What does autostereoscopic mean? What does automultiscopic mean?
Autostereoscopic means that a display can generate multiple views simultaneously
so a viewer can see a 3D image without the need for stereo 3D glasses. Automultiscopic
is a related word, which means that multiple viewers can see the 3D image without the
need for stereo 3D glasses.
Is this system the same as the CNN's Hologram shown by Wolf Blitzer during the
2008 presidential campaign?
No. Our system produces a real 3D image you can actually see, whereas CNN's
"hologram" was purely a visual effect. To the home viewer, CNN's anchor Wolf Blitzer
appeared to be looking at three-dimensional images of guests Jessica Yellin
and Will.i.am, but this was a video overlay effect done for the home audience with
no actual 3D display technology involved. In CNN's studio, Blitzer was actually
staring across empty space toward a standard 2D flat panel television. The CNN
system used an array of multiple cameras to film the guests from multiple viewpoints
to create a novel viewpoint that matched the studio cameras. For more information
on the 2008 CNN capture process, visit
(link).
How is this display different from the Tupac performance at Coachella in 2012?
The Tupac performance did not use a 3D display, but a clever optical illusion
known as "Pepper's ghost." Pepper's ghost dates back to the 16th century and uses
a semi-reflective screen to make an image appear to float in front of a background
screen. The floating scene is simply a reflection of a hidden room or display that
is out of the audience's view.
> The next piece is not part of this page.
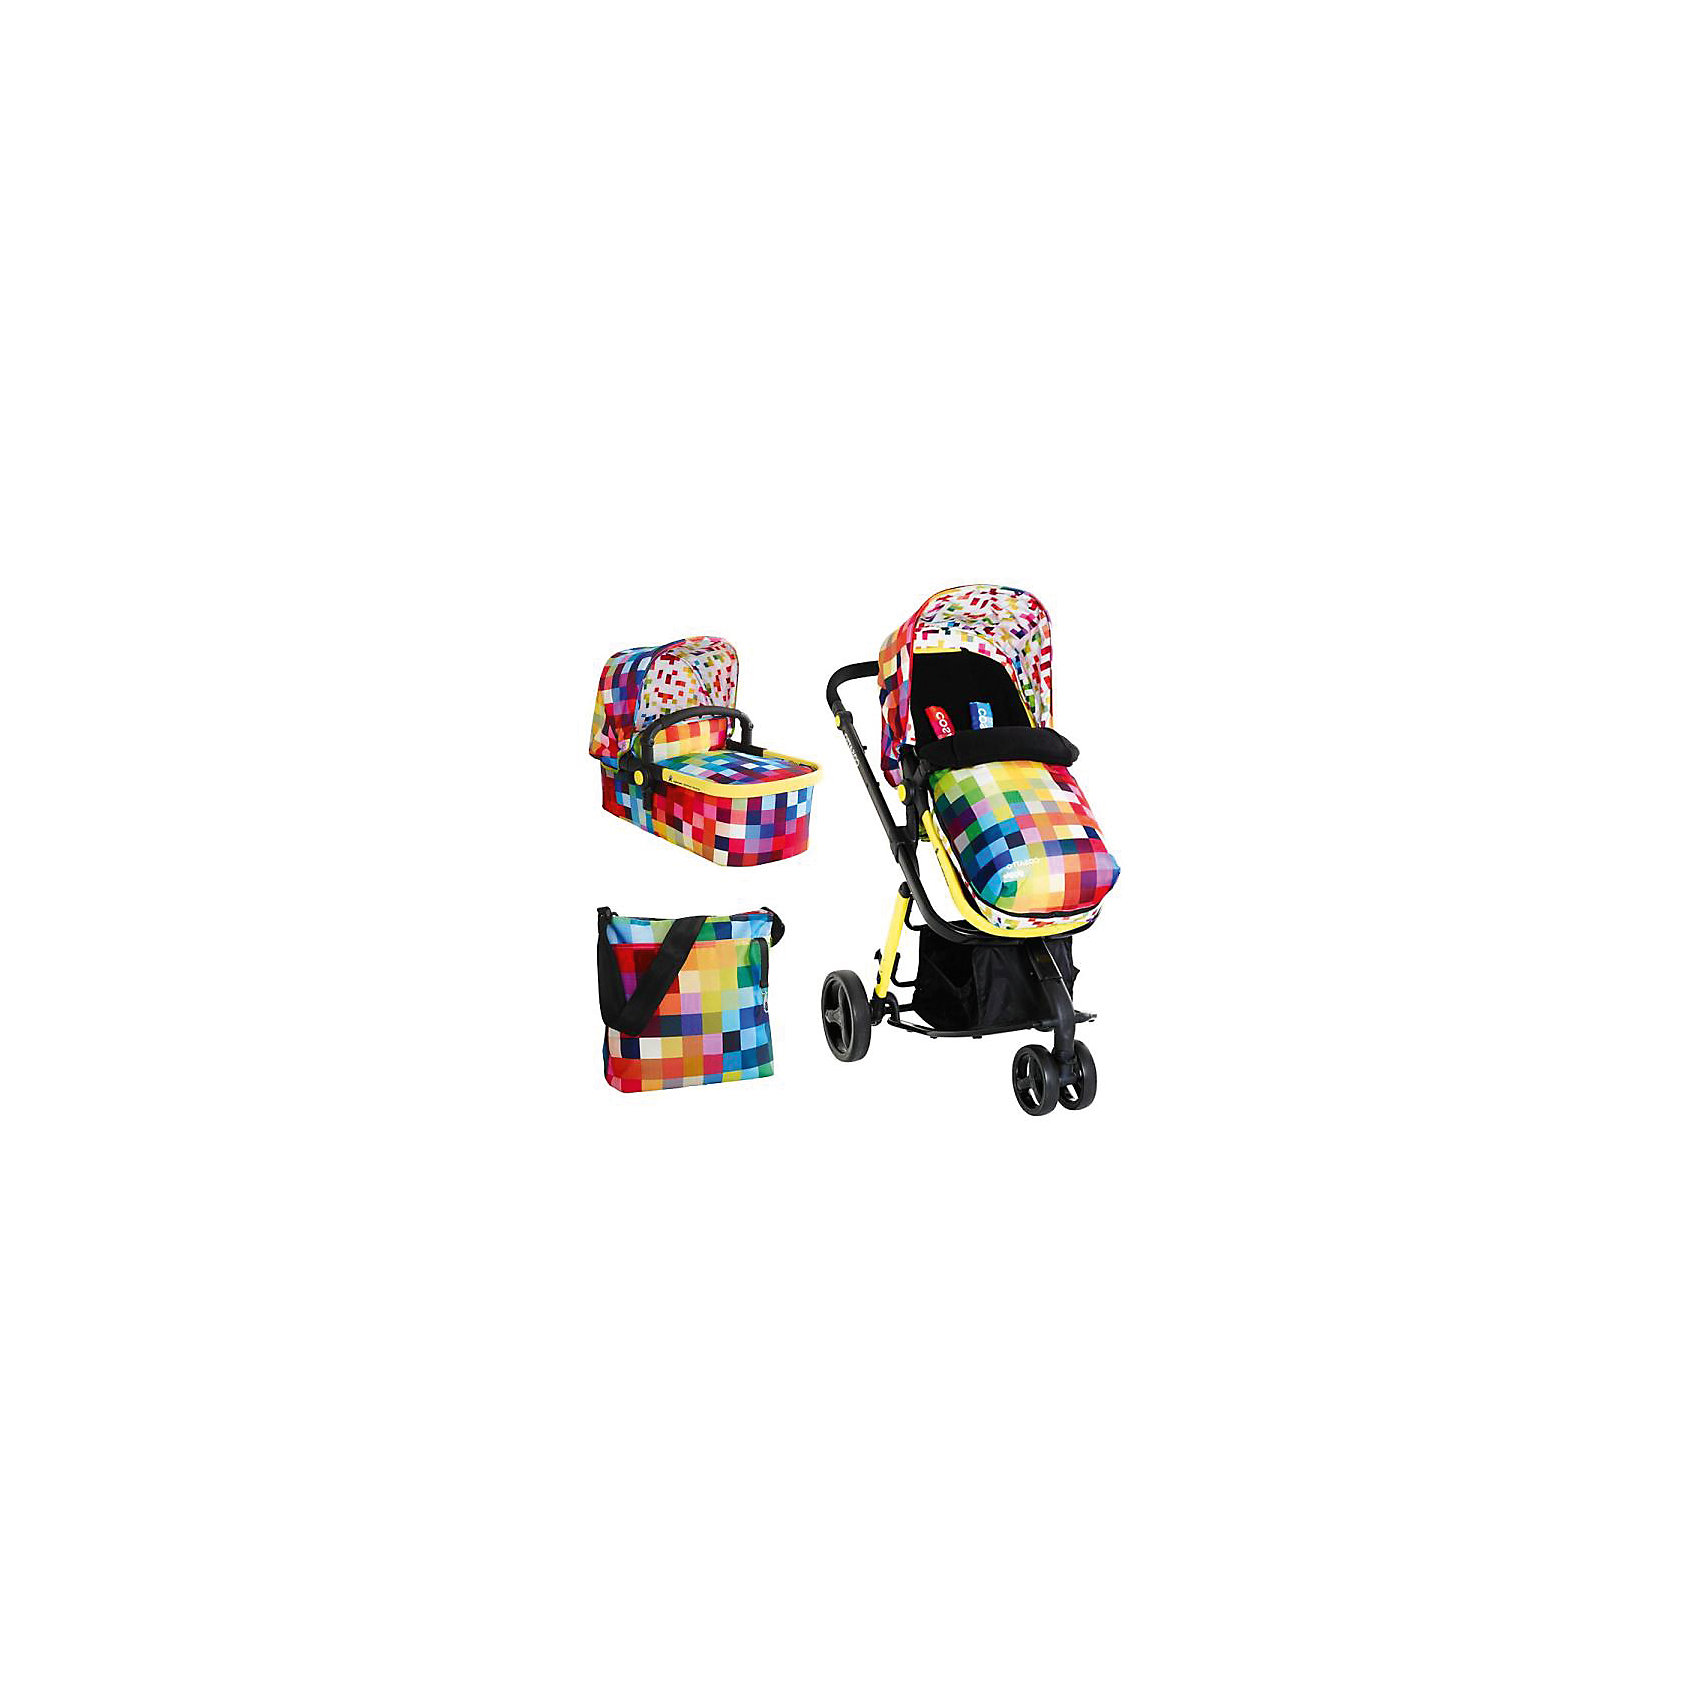 Коляска 2 в 1 Giggle 2, Cosatto, PixelateУдобная коляска – находка для родителей. Кроме функциональности коляски и ее прямого назначения родители обращают внимание на внешний вид. Коляска из новой коллекции – уникальная модель, совмещающая в себе стильный дизайн и множество функций одновременно. Все материалы, использованные при изготовлении аксессуара, безопасны и отвечают требованиям по качеству продукции.<br><br>Дополнительные характеристики: <br><br>цвет: Pixelate;<br>возраст: 0-3 года;<br>регулировка спинки;<br>габариты: 85 х 39 см;<br>комплектация: блок для прогулок, люлька, складывающиеся шасси, защита от дождя и солнца, регулируемая ручка, сумка, чехол для ножек, матрас.<br><br>Коляску 2 в 1 Giggle 2 от компании Cosatto можно приобрести в нашем магазине.<br><br>Ширина мм: 1000<br>Глубина мм: 500<br>Высота мм: 400<br>Вес г: 20000<br>Возраст от месяцев: 0<br>Возраст до месяцев: 36<br>Пол: Унисекс<br>Возраст: Детский<br>SKU: 5025694

At Coachella, a semi-transparent screen was used to
reflect a 2D projected image so that it could be seen by the audience. The graphics
themselves were created by the special effects company Digital Domain. For more
information on the creation of the Tupac performance, visit
(link).
How did the digital Morgan Spurlock know how to respond to each question?
We conducted an hour long interview of Morgan Spurlock answering a range of
questions about technology, the future, and his family. As thorough as we were,
there was no way to capture every possible question that could be potentially
asked of Morgan. Morgan's conversation with his digital self was then scripted
and tightly edited to create a natural conversation. If the real Morgan had asked
a question outside the small recorded domain, we would have played a clip of
digital Morgan saying, "I don't know how to answer that question".
We are currently undergoing a more extensive interview process, with subject
interviews spanning up to 20 hours. We aim to delve deeper in capturing a subject's
life story and experiences with the eventual ability for the subject's digital
version to respond to a much larger scope of questions. The USC ICT Natural
Language Group is further developing technology that automatically parses spoken
questions a user asks the display and searches for the best possible recorded
answer within the video database. More information on the Natural Language Group
can be found here.
What other applications are there for this display?
While the display has many applications, from video games to medical
visualization, we are currently working on a much larger project to record
the 3D testimonies of Holocaust survivors. This project, "New Dimensions in
Testimony" or NDT, is a collaboration between the USC Shoah Foundation and
the USC Institute for Creative Technologies, in partnership with exhibit design
firm Conscience Display. NDT combines ICT's Light Stage technology with natural
language processing to allow users to engage with the digital testimonies
conversationally. NDT's goal is to develop interactive 3D exhibits in which
learners can have simulated educational conversations with survivors though
the fourth dimension of time. Years from now, long after the last survivor has
passed on, the New Dimensions in Testimony project can provide a path to enable
youth to listen to a survivor and ask their own questions directly, encouraging
them, each in their own way, to reflect on the deep and meaningful consequences
of the Holocaust. NDT follows the age-old tradition of passing down lessons
through oral storytelling, but with the latest technologies available.